▶ WHAT IS NEEDED
In the listing below, the lines starting with the line with "German riot police" and going on through the line with "Ancient Antique Luristan" are to be reproduced exactly, and only those.

▶ DATA EXTRACT
━━━━━━

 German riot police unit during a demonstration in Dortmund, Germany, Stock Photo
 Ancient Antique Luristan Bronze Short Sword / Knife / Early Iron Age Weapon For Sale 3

━━━━━━

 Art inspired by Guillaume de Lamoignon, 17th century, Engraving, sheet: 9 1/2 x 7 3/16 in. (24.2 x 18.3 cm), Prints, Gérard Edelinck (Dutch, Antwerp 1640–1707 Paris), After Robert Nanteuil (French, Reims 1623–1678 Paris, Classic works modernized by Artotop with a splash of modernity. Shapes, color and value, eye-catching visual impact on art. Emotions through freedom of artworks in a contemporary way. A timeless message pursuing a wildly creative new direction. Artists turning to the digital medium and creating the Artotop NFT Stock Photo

━━━━━━

▶ SOLUTION TO THE EXERCISE
 German riot police unit during a demonstration in Dortmund, Germany, Stock Photo
 Ancient Antique Luristan Bronze Short Sword / Knife / Early Iron Age Weapon For Sale 3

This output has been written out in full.